> [ASSIGNMENT]:
An exact transcription of all the data is required; the pictures are to be left out.

> [PROVIDED MATERIAL]:
--- START ---

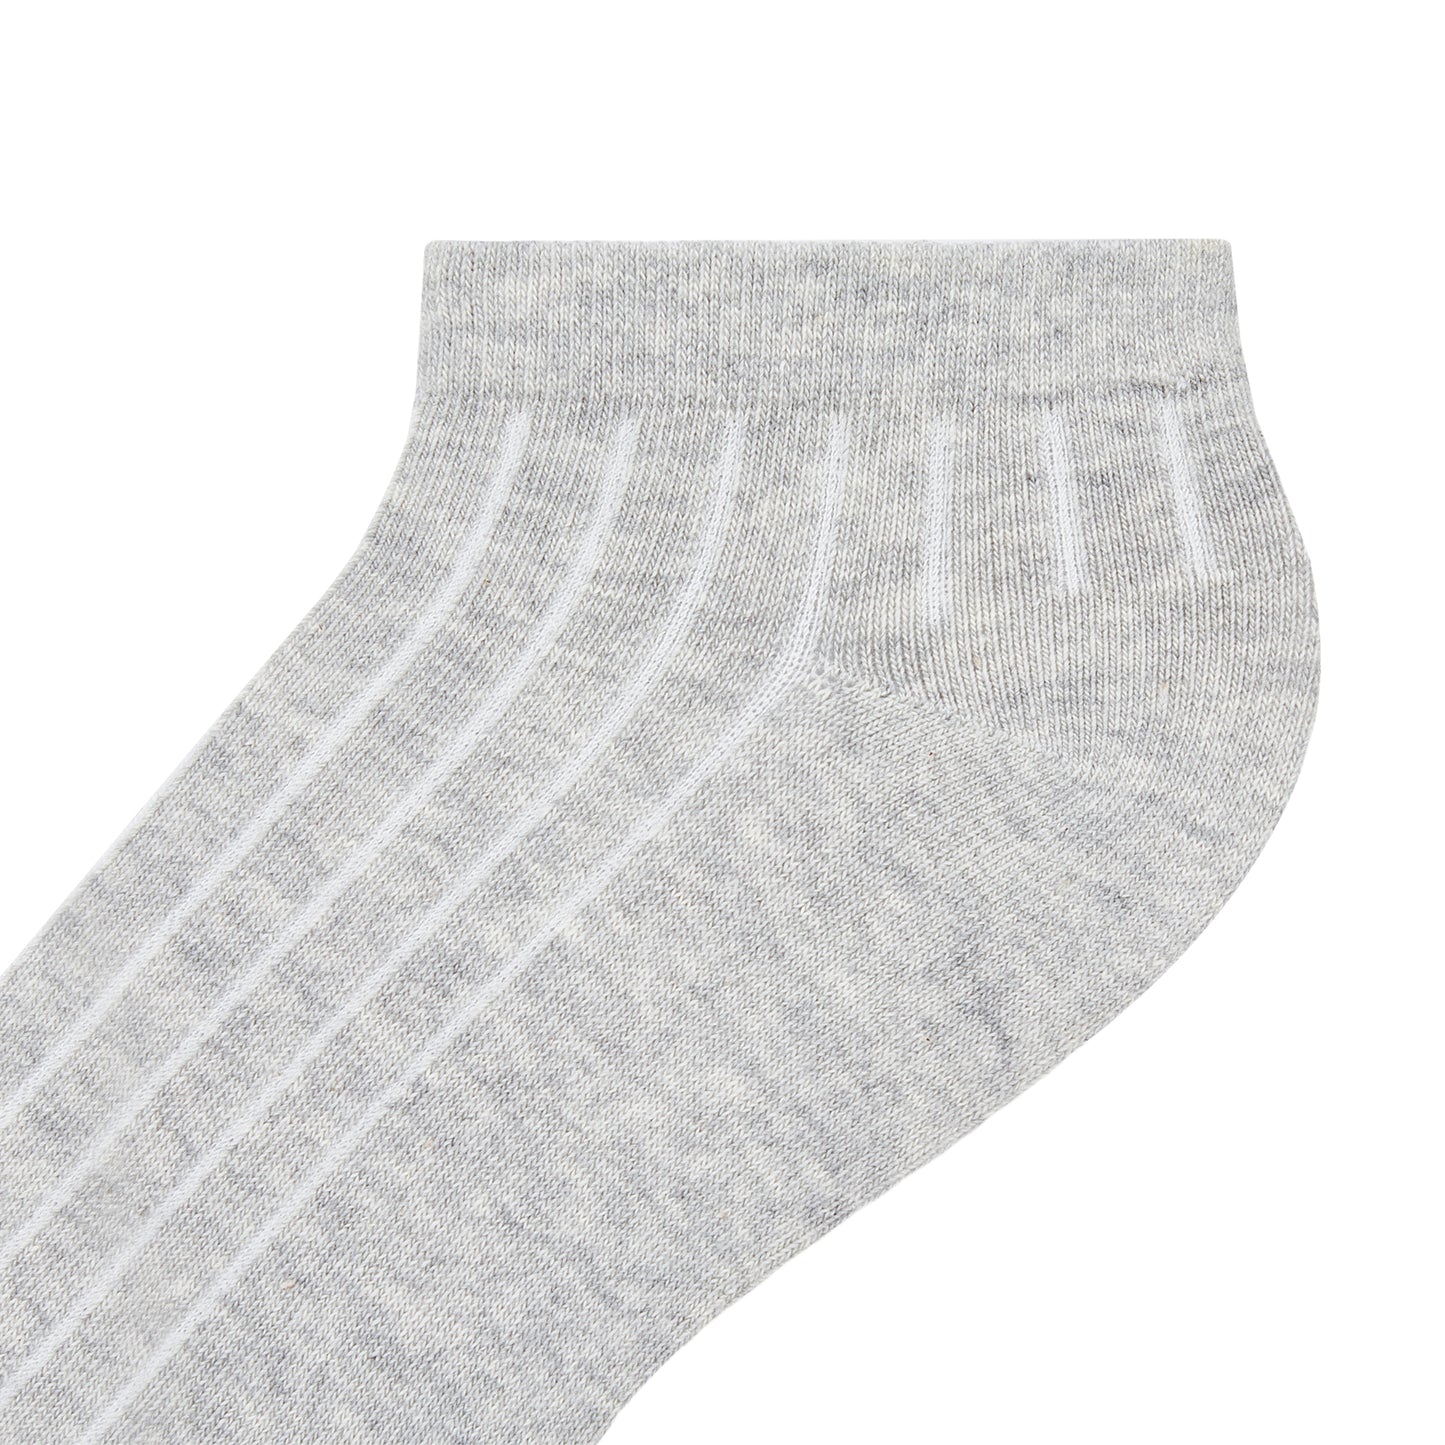 Striped Ankle Length Cotton Socks - IDENTITY Apparel Shop
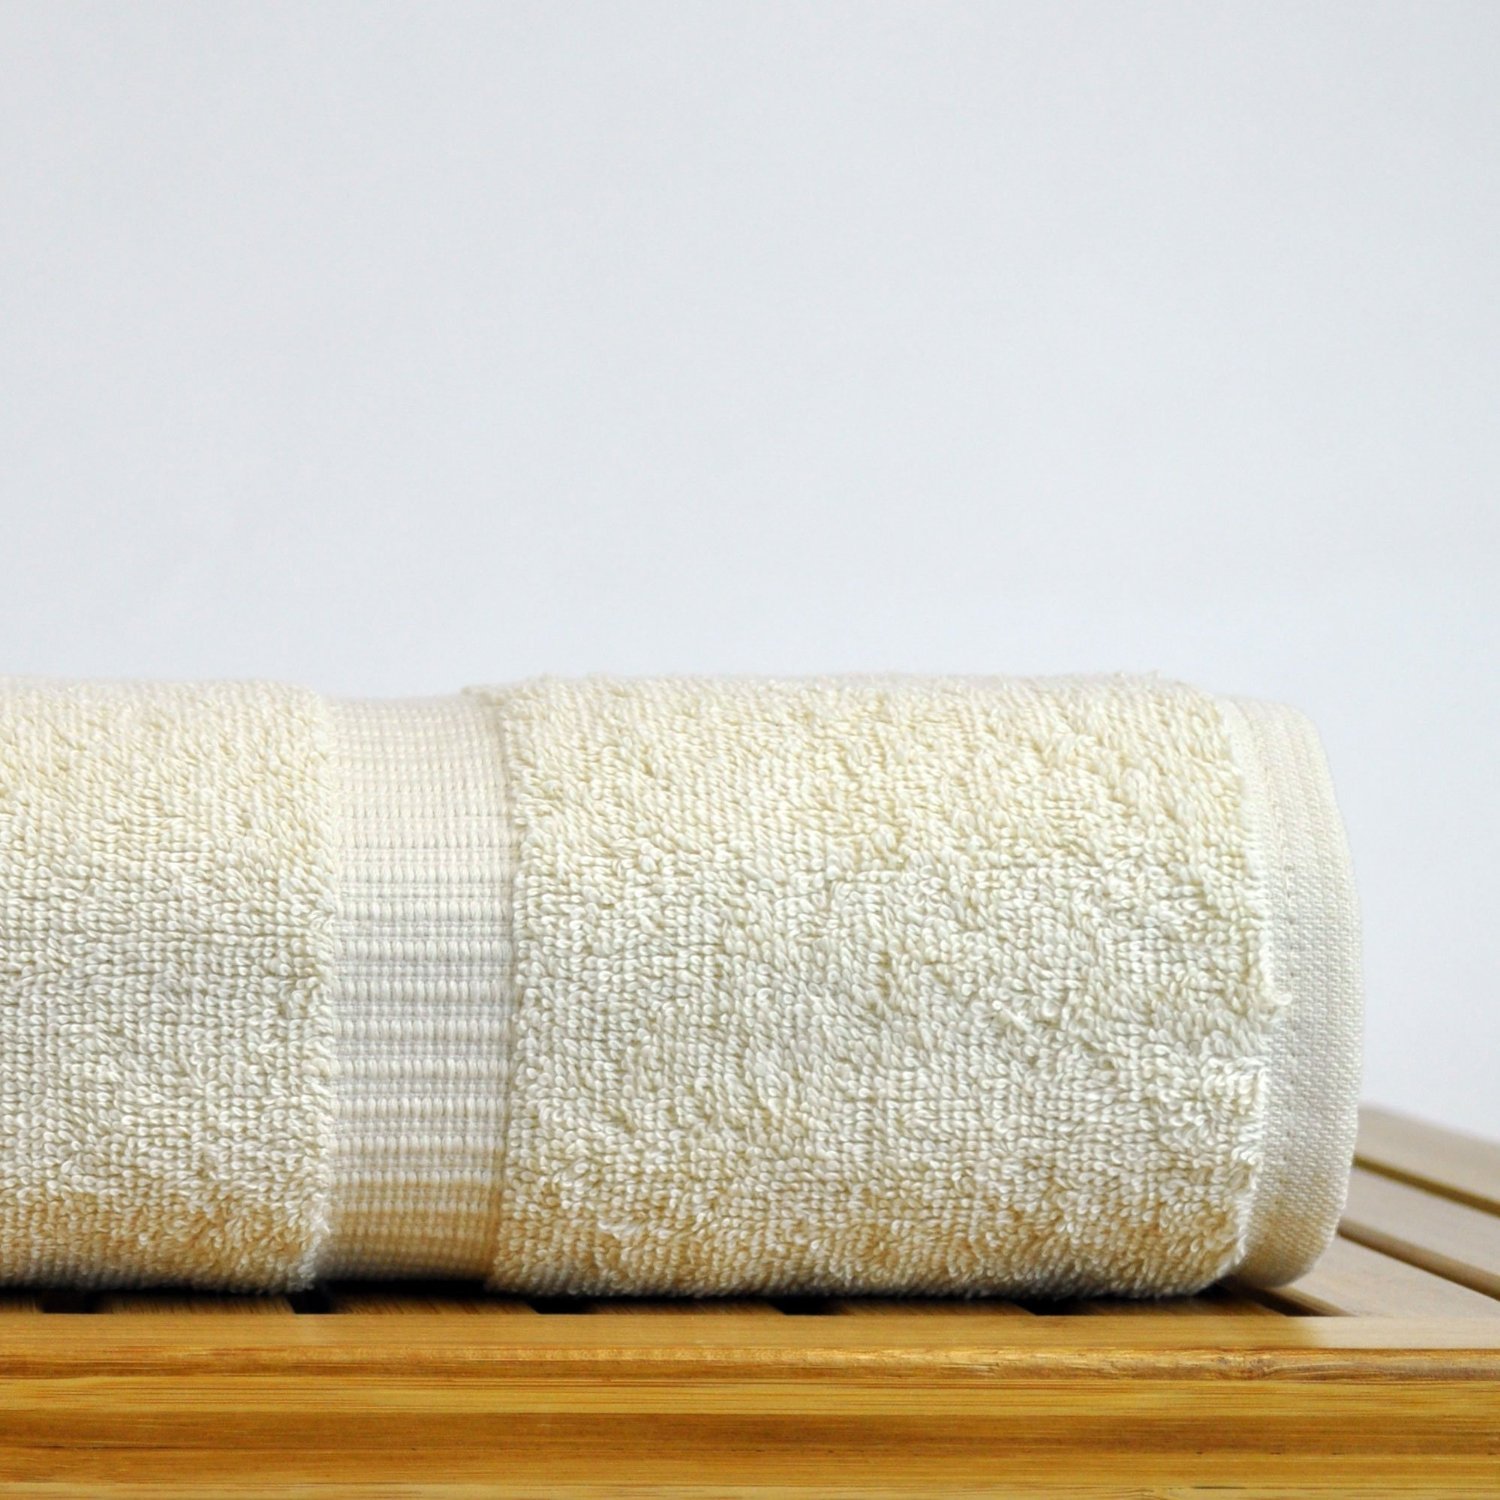 27" x 54" - 17 lbs/doz - %100 Turkish Cotton Beige Bath Towel - Dobby Border-Robemart.com
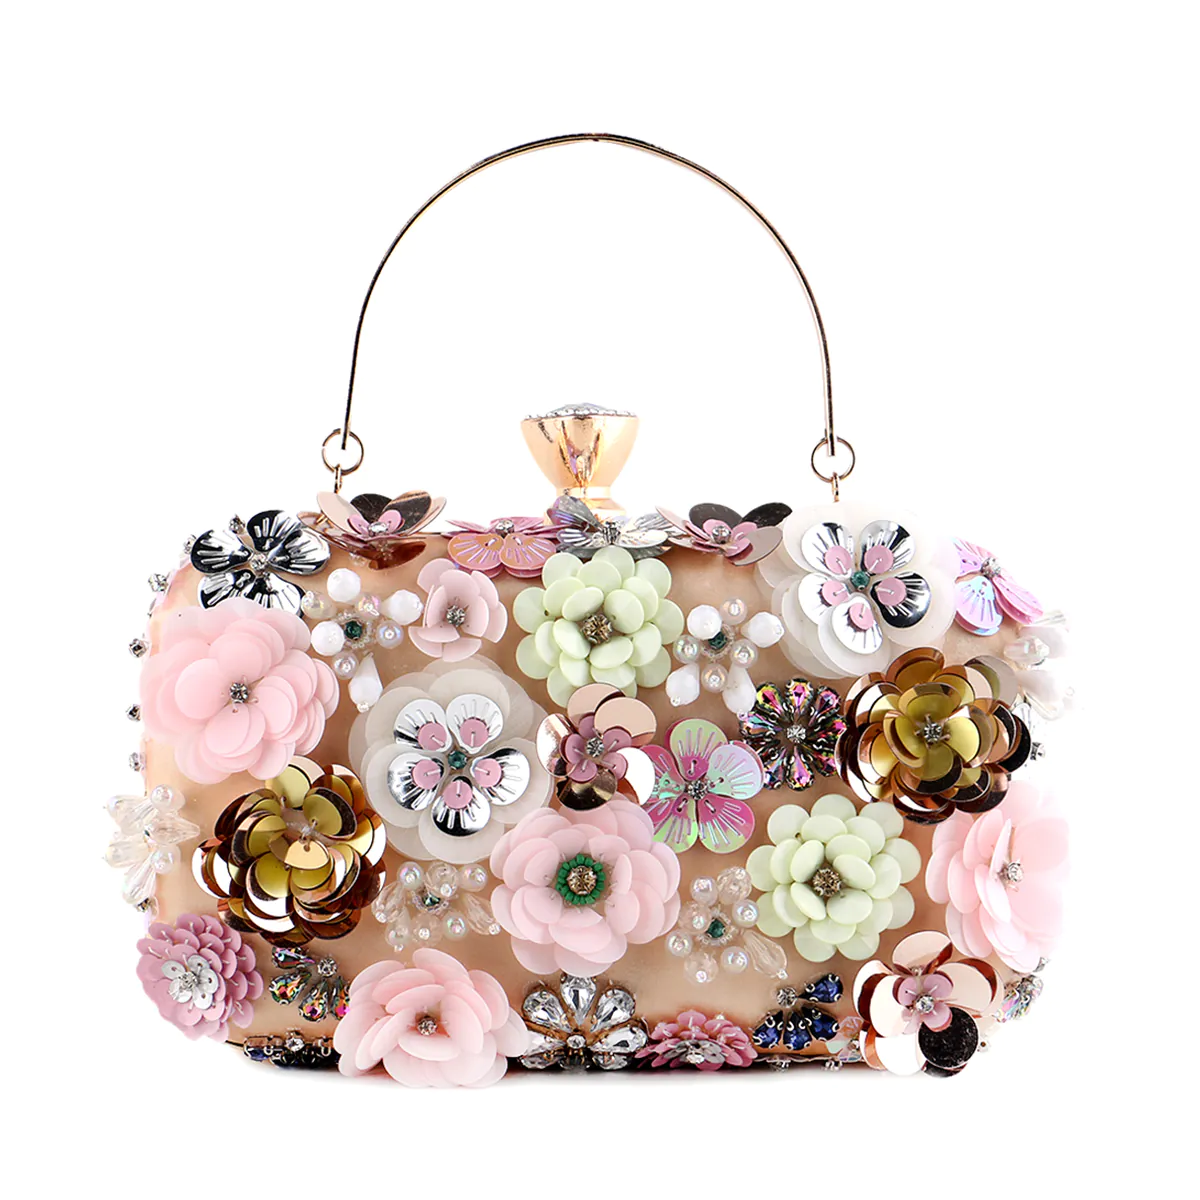 Floral Beaded Evening Bag Clutch Purse Wedding Party Handbag08
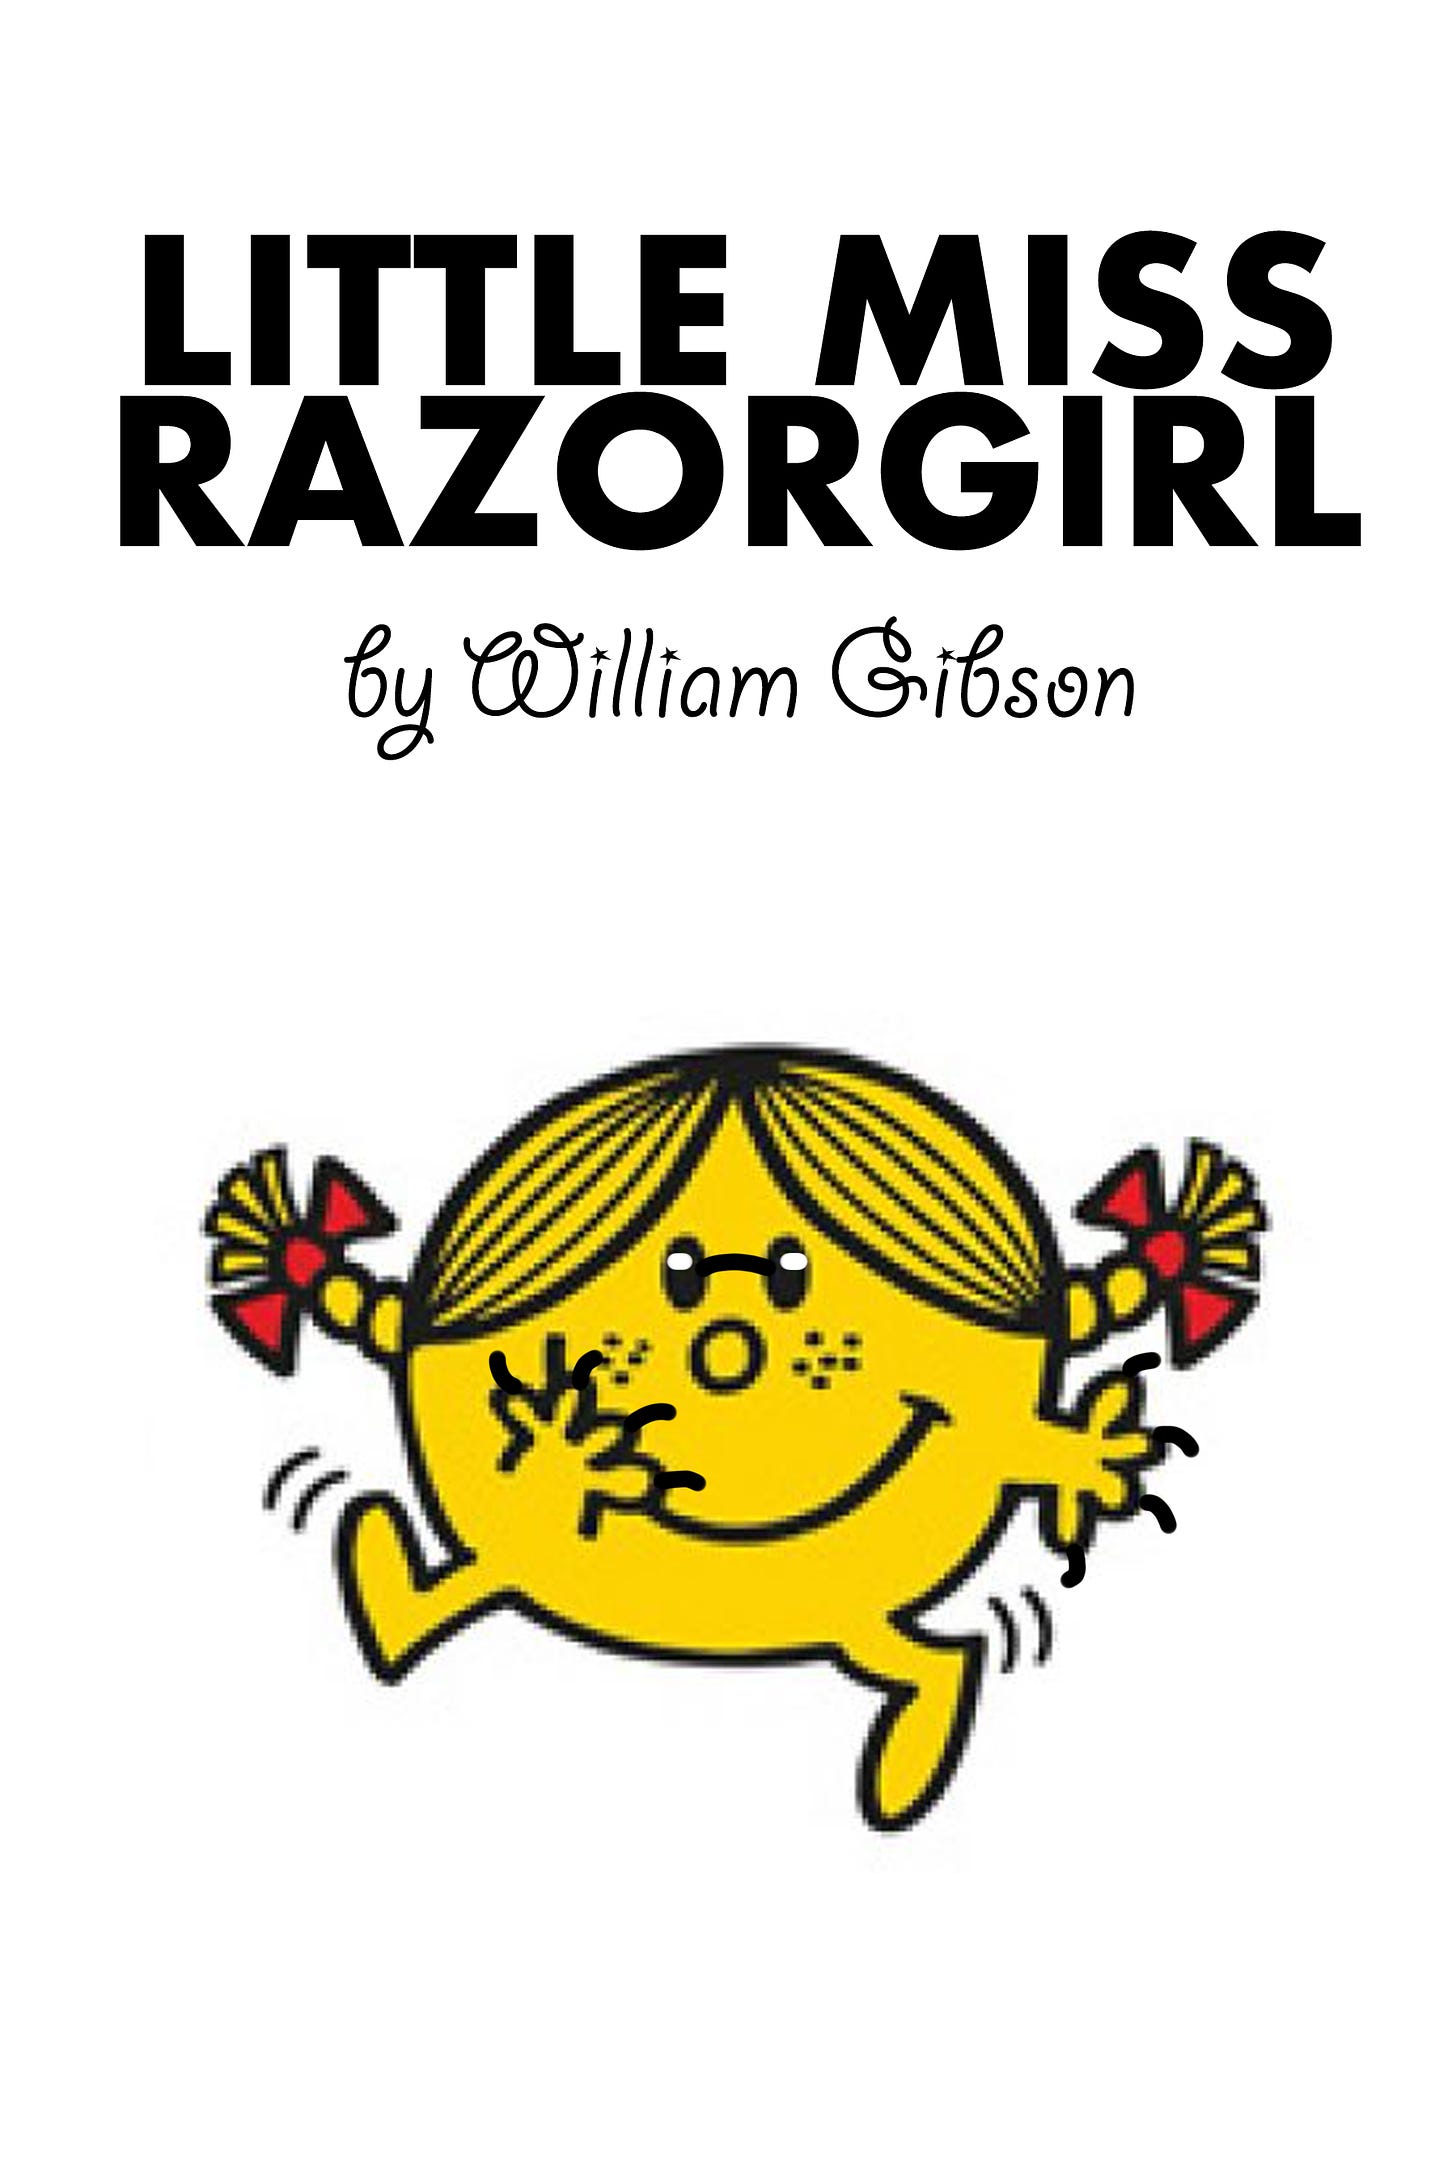 little miss razorgirl by william gibson, a parody of neuromancer as a mr. men book

--- END ---

> [ANSWER TO THE EXERCISE]:
 Striped Ankle Length Cotton Socks - IDENTITY Apparel Shop
 27" x 54" - 17 lbs/doz - %100 Turkish Cotton Beige Bath Towel - Dobby Border-Robemart.com
 Floral Beaded Evening Bag Clutch Purse Wedding Party Handbag08
 little miss razorgirl by william gibson, a parody of neuromancer as a mr. men book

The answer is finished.